Nostalgia Ahmad Luthfi Bersama Purnawirawan Polri di Batang, Terkenang saat Jabat Kapolres, Hafal Nama Kades

Sabtu, 11 Juli 2026 | 21.31
Gubernur Jateng Ahmad Luthfi
Gubernur Jateng Ahmad Luthfi menyerahkan tumpeng kepada purnawirawan Polri Batang tertua Kompol (Pur) Ngadimin (77) saat acara tasyakuran HUT Ke-27 PP Polri Cabang Batang, di Aula Kantor Bupati Batang, Sabtu (11/7/2026).

Gubernur Jateng Ahmad Luthfi bernostalgia dengan Purnawiran Polri sewaktu menjabat Kapolres Batang sampaikan pesan masa purnabakti bukan berarti berhenti tugas

BATANG, puskapik.com - Gubernur Jawa Tengah, Ahmad Luthfi berkunjung ke Kabupaten Batang Sabtu 11 Juli 2026.

Kedatangan Gubernur Ahmad Luthfi untuk bernostalgia dengan purnawiran Polri sewaktu menjabat Kapolres Batang tahun 2009-2011.

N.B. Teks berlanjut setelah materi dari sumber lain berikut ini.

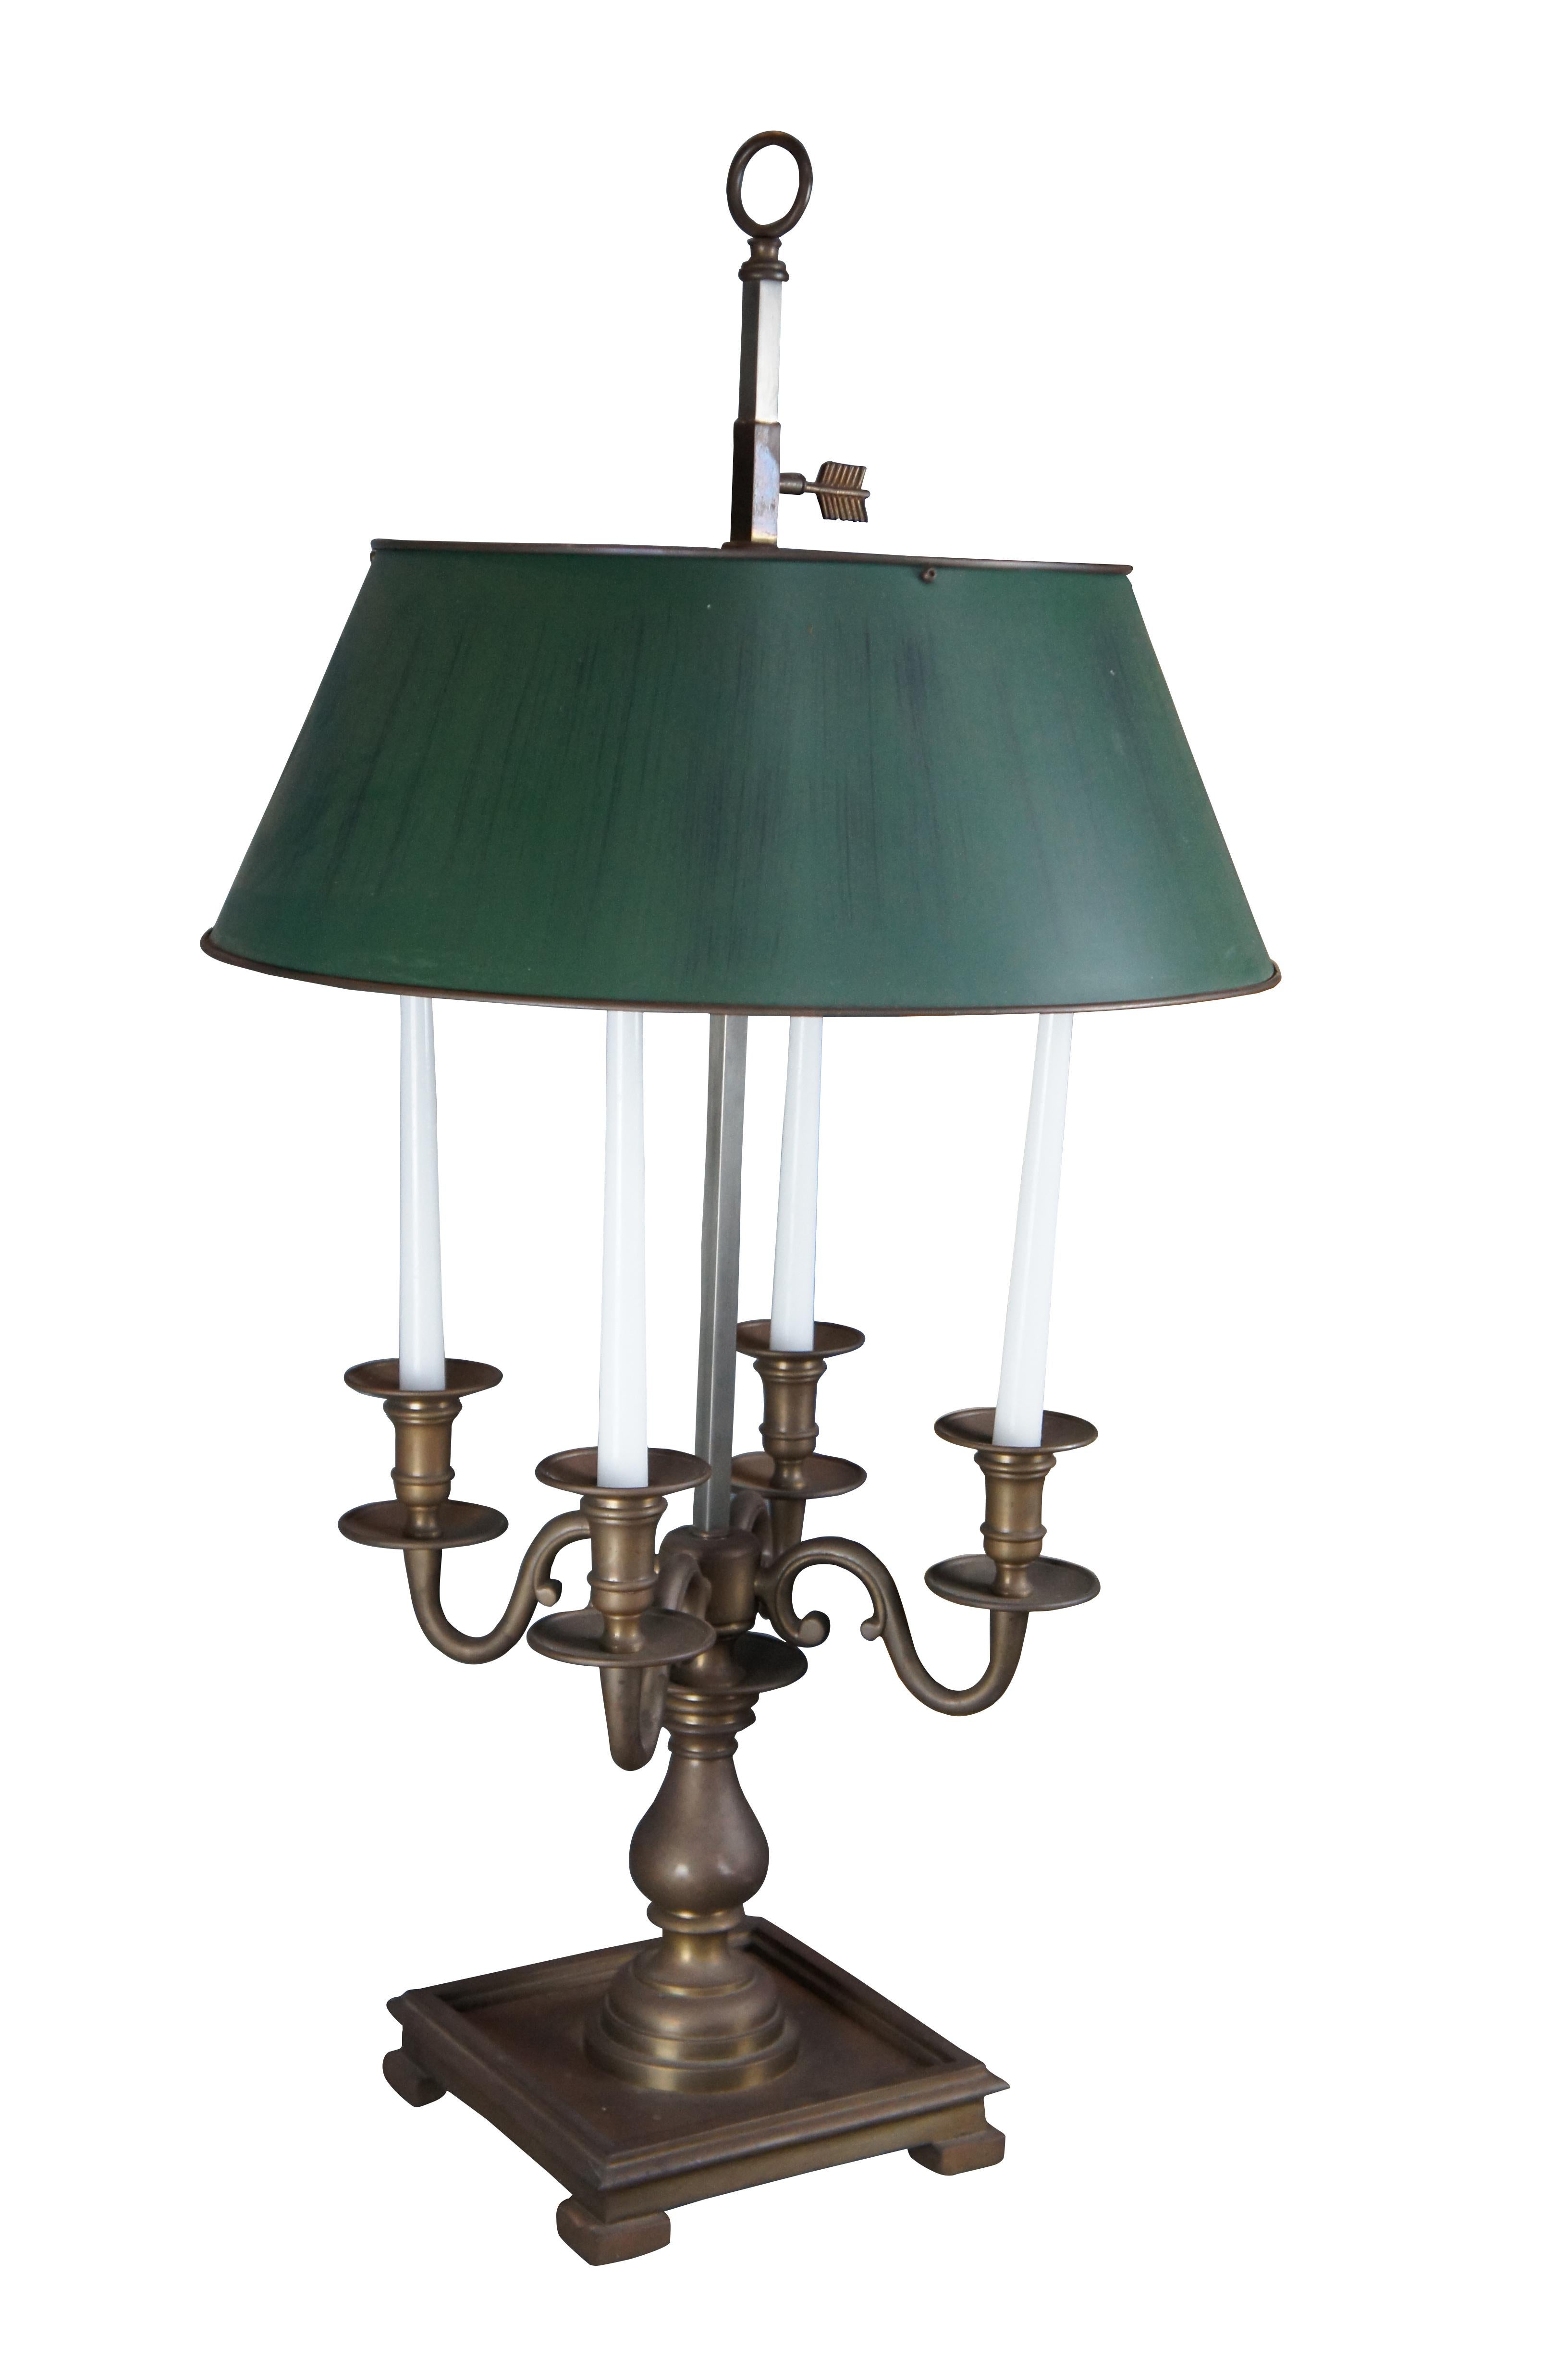 Large and Impressive late 20th century French inspired Bouillotte lamp by Visual Comfort. Features a four arm candelabra over baluster support and square footed base. The lamp features a square shaped column with adjustable brass tole shade finished
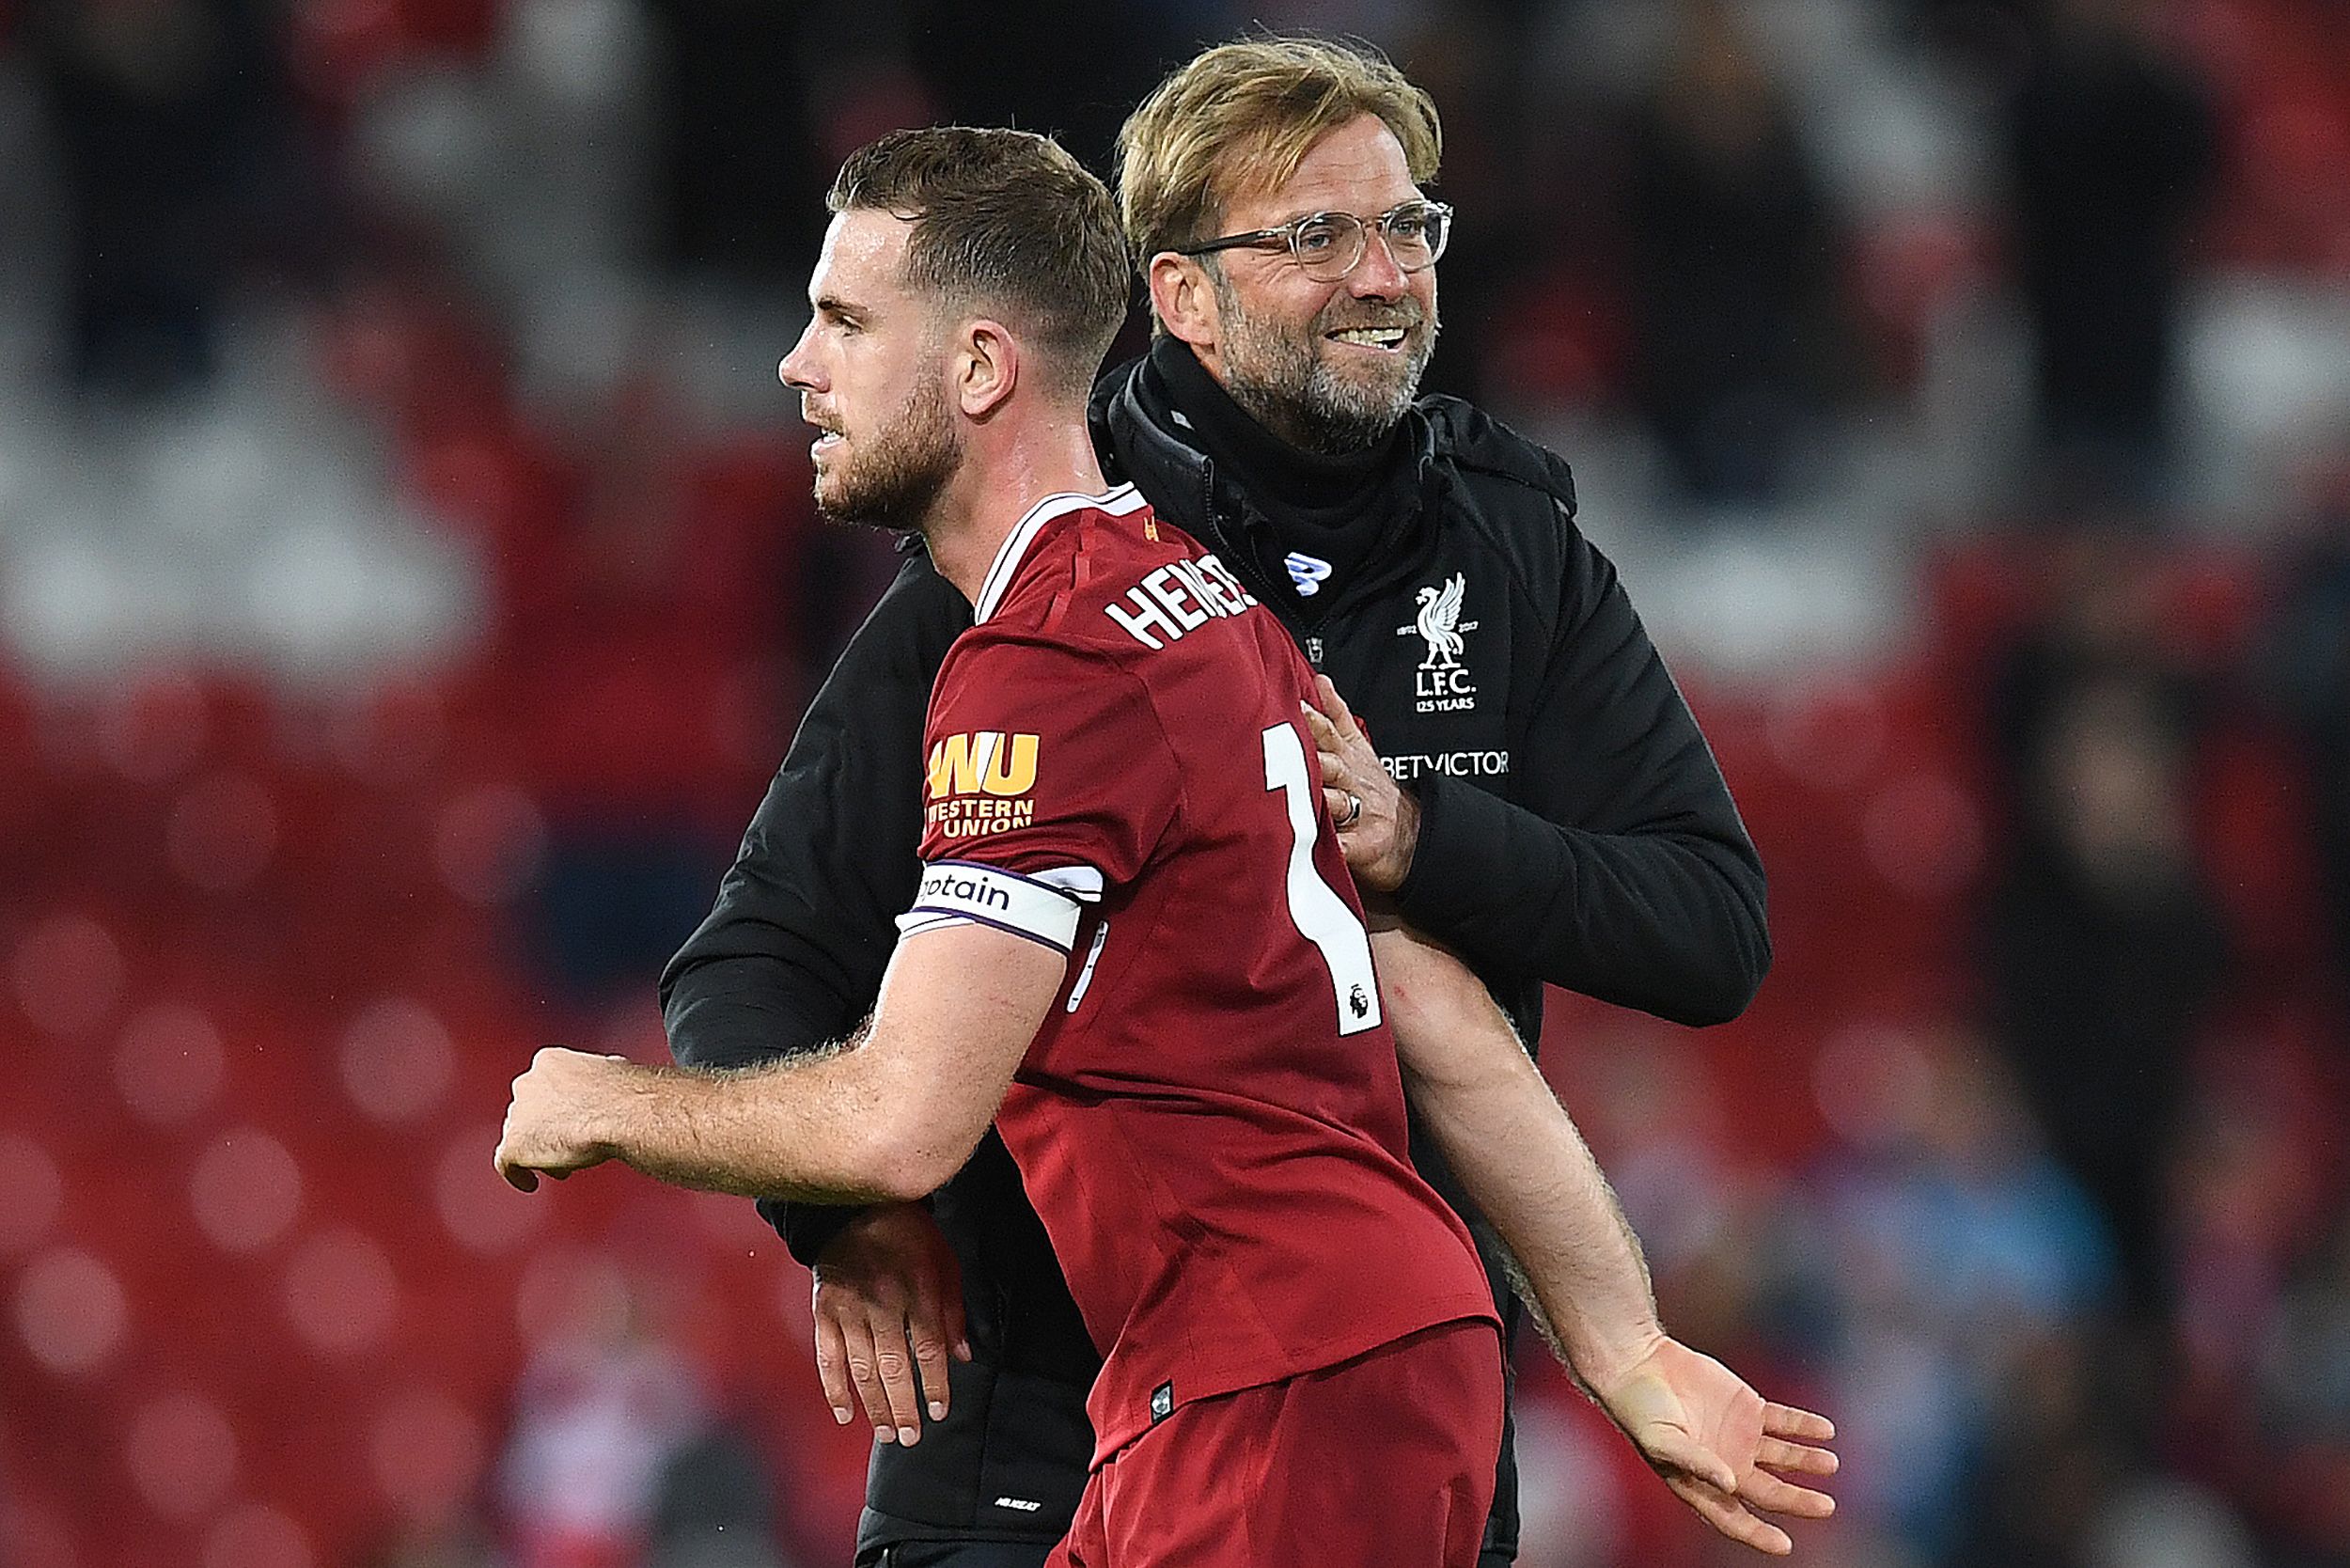 Liverpool's German manager Jurgen Klopp hugs Liverpool's English midfielder Jordan Henderson following the English Premier League football match between Liverpool and Southampton at Anfield in Liverpool, north west England on November 18, 2017. / AFP PHOTO / Paul ELLIS / RESTRICTED TO EDITORIAL USE. No use with unauthorized audio, video, data, fixture lists, club/league logos or 'live' services. Online in-match use limited to 75 images, no video emulation. No use in betting, games or single club/league/player publications.  /         (Photo credit should read PAUL ELLIS/AFP/Getty Images)

"Batang ini kampung halaman dan kota kelahiran saya ke setelah Nganjuk, Jatim. Saya justru merasakan keindahan dan kehangatan sewaktu menjabat Kapolres Batang daripada saat menjadi Kapolresta Solo maupun Kapolda Jateng,''ujar Ahmad Luthfi saat menghadiri acara Tasyakuran HUT ke-27 Persatuan Purnawirawan (PP) Polri Cabang Batang di Aula Kantor Bupati Batang.

Baca Juga: Ayo! Nobar Piala Dunia Argentina vs Swiss di Pendopo Pemalang Besok Pagi

Hadir pada acara itu Bupati Batang M Faiz Kurniawan, Kabag SDM Kompol Suhadi mewakili Kapolres.Unsur Forkompinda, Persatuan Purnawirawan Angkatan Darat (PPAD), Persatuan Wredhatama Republik Indonesia (PWRI), serta purnawirawan Polres Batang dan tamu lainnya.

Nostalgia Ahmad Luthfi disampaikan pada acara itu mulai kedatangannya dari Mabes Polri menuju ke Polres Batang.

"Jujur saat itu saya belum tahu Batang ki ngendi, sampai bablas ke timur ternyata sudah masuk wilayah. Akhirnya saya kembali ke arah barat dan menemukan Batang yang sekarang menjadi Kota Modern karena ada PLTU dan Kawasan Industri Terpadu Batang-Kawasan Ekonomi Khusus KITB-KEK Industripolis Batang,"ujarnya.

Gaya Kepemimpinan

Gubernur Jateng ini pun mengenang gaya kepemimpinannya saat bertugas sebagai Kapolres Batang.

Dia menerapkan kedekatan dengan anggota maupun masyarakat tanpa sekat.

"Saya tahu benar karakter masyarakat Batang. Seluruh desa sudah saya datangi makanya saya masih hafal kades saat menjadi Kapolres. Mereka bareng-bareng bersama anggota dan Dandim bersama Babinsa dalam kegiatan, khususnya menemani trabas,"ujar dia.

Acara bertambah menarik saat Gubernur menyapa mantan anggotanya.

Seperti saat menyapa Dokter Cipto Waluyo Kadokkes.

"Pak dokter kenangan apa dengan saya,"tanya Ahmad Luthfi.

"Saya ditelpon Komandan jam 04.00 karena tidak bisa tidur. Begitu saya tiba di rumah tidur ternyata pipi Komandan ditempeli "koyo", ternyata sakit gigi,"jawab dokter Cipto Waluyo yang disambut tepuk tangan dan senyum hadirin.